▶ **Data shown**
-=-=-=-=-

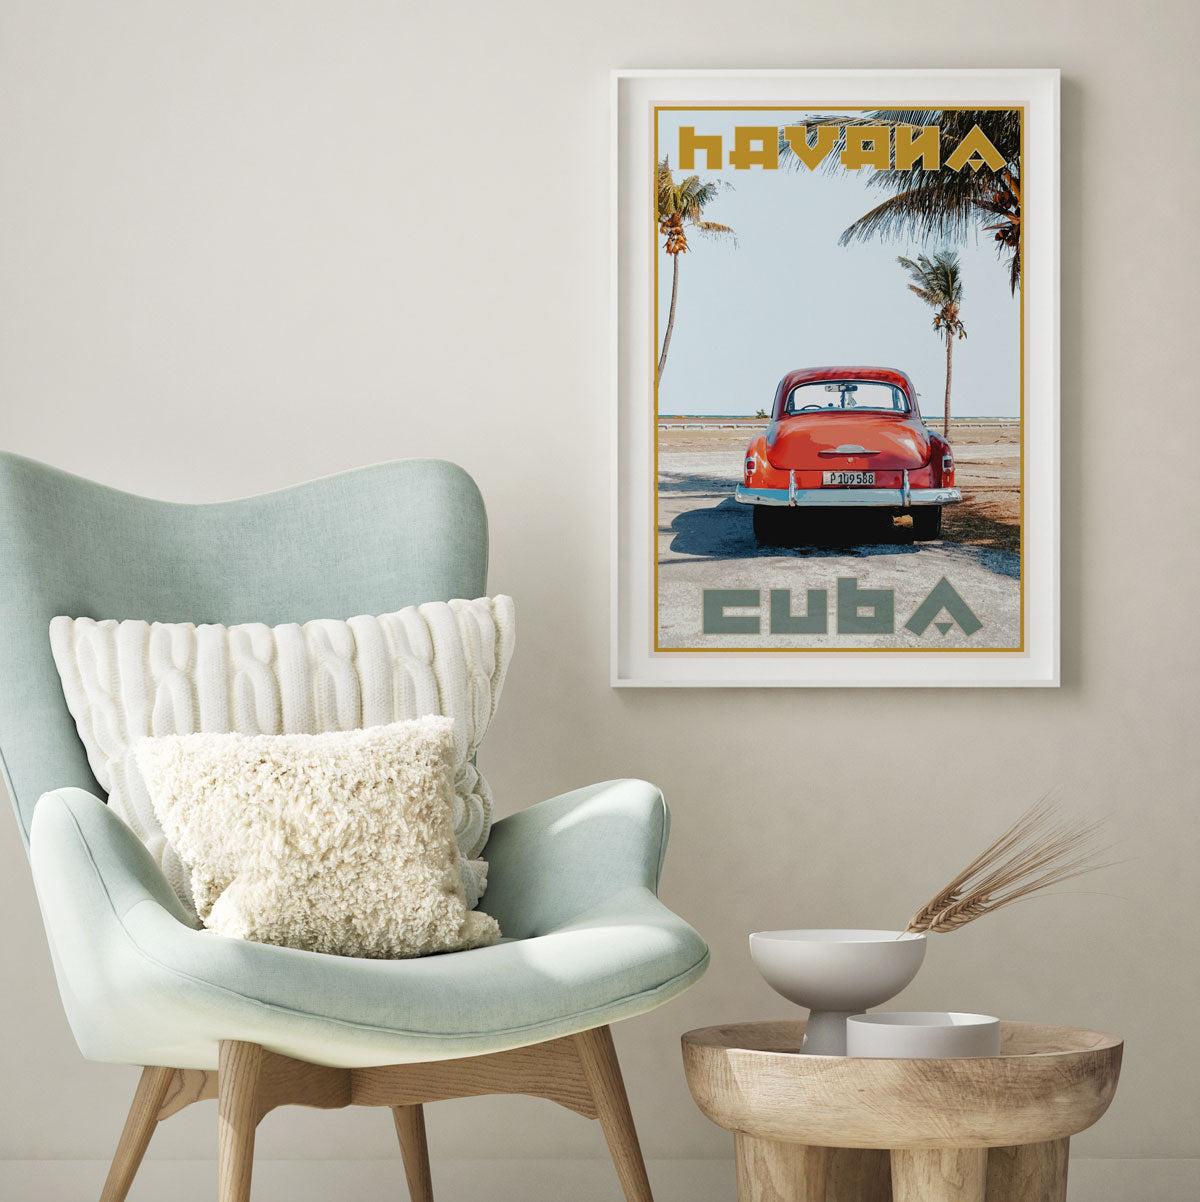 Cuba vintage travel style white framed print by places we luv
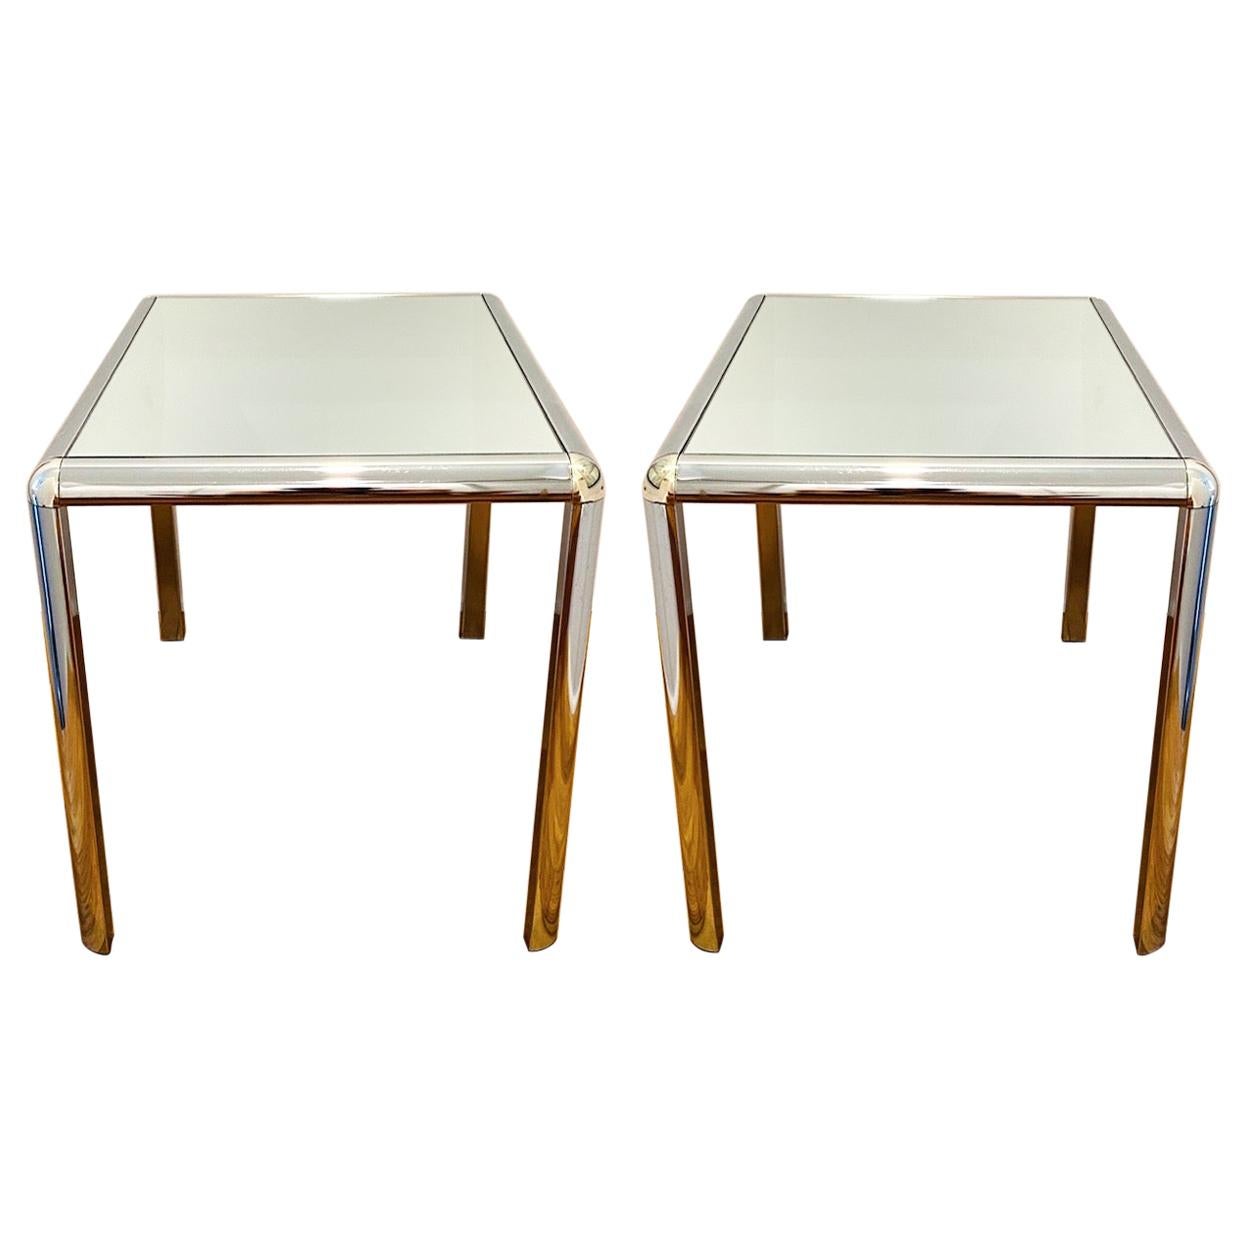 Pair of Hollywood Regency Chrome Side Tables with Mirrored Tops, c. 1970's
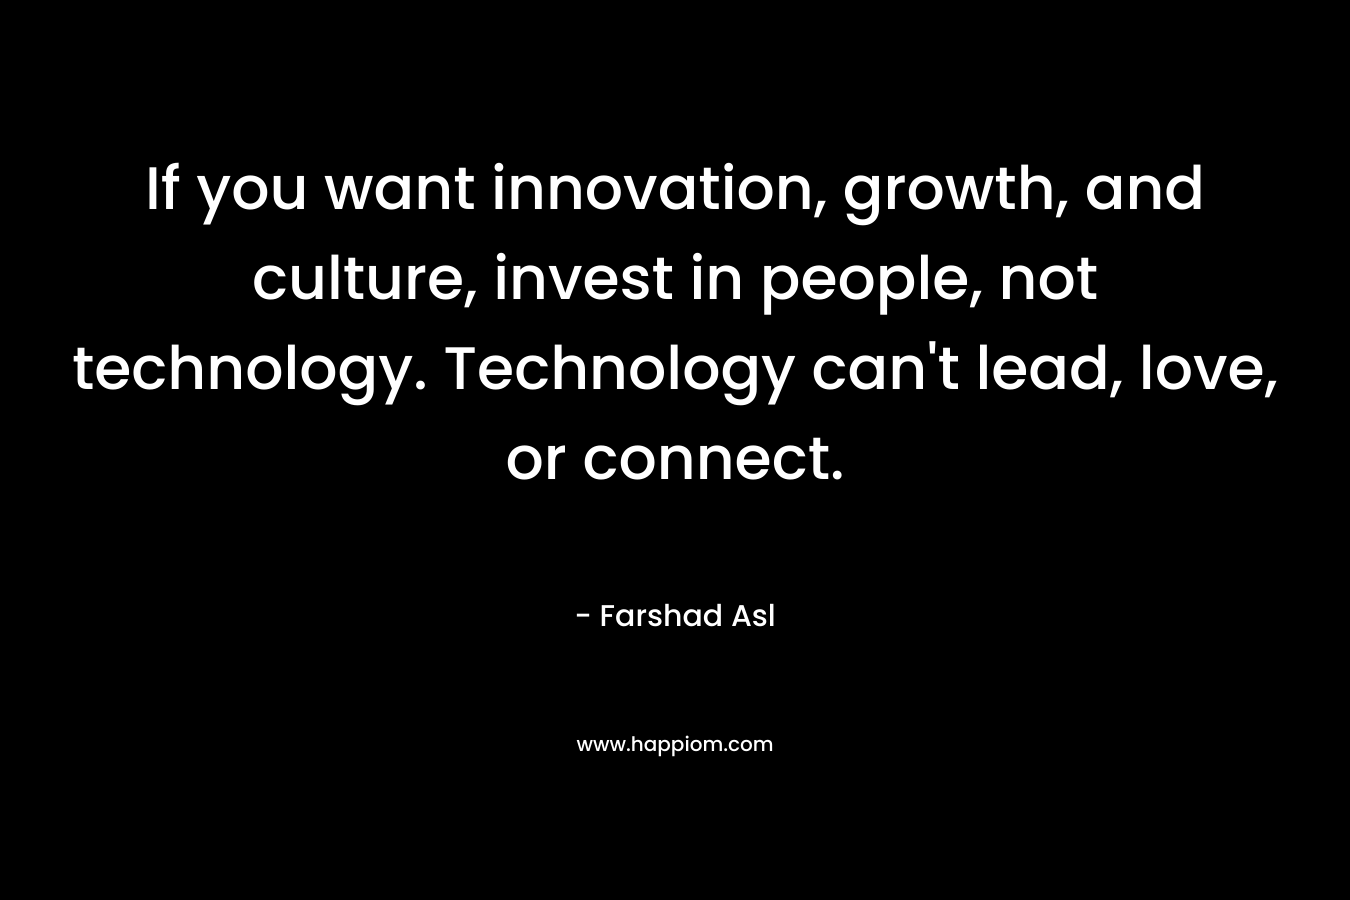 If you want innovation, growth, and culture, invest in people, not technology. Technology can’t lead, love, or connect. – Farshad Asl

-=-=-=-=-

▶ **Task item**
Write the listing above out again exactly, dropping each image.

▶ **Answer space**
 Cuba vintage travel style white framed print by places we luv
 Pair of Hollywood Regency Chrome Side Tables with Mirrored Tops, c. 1970's
 If you want innovation, growth, and culture, invest in people, not technology. Technology can’t lead, love, or connect. – Farshad Asl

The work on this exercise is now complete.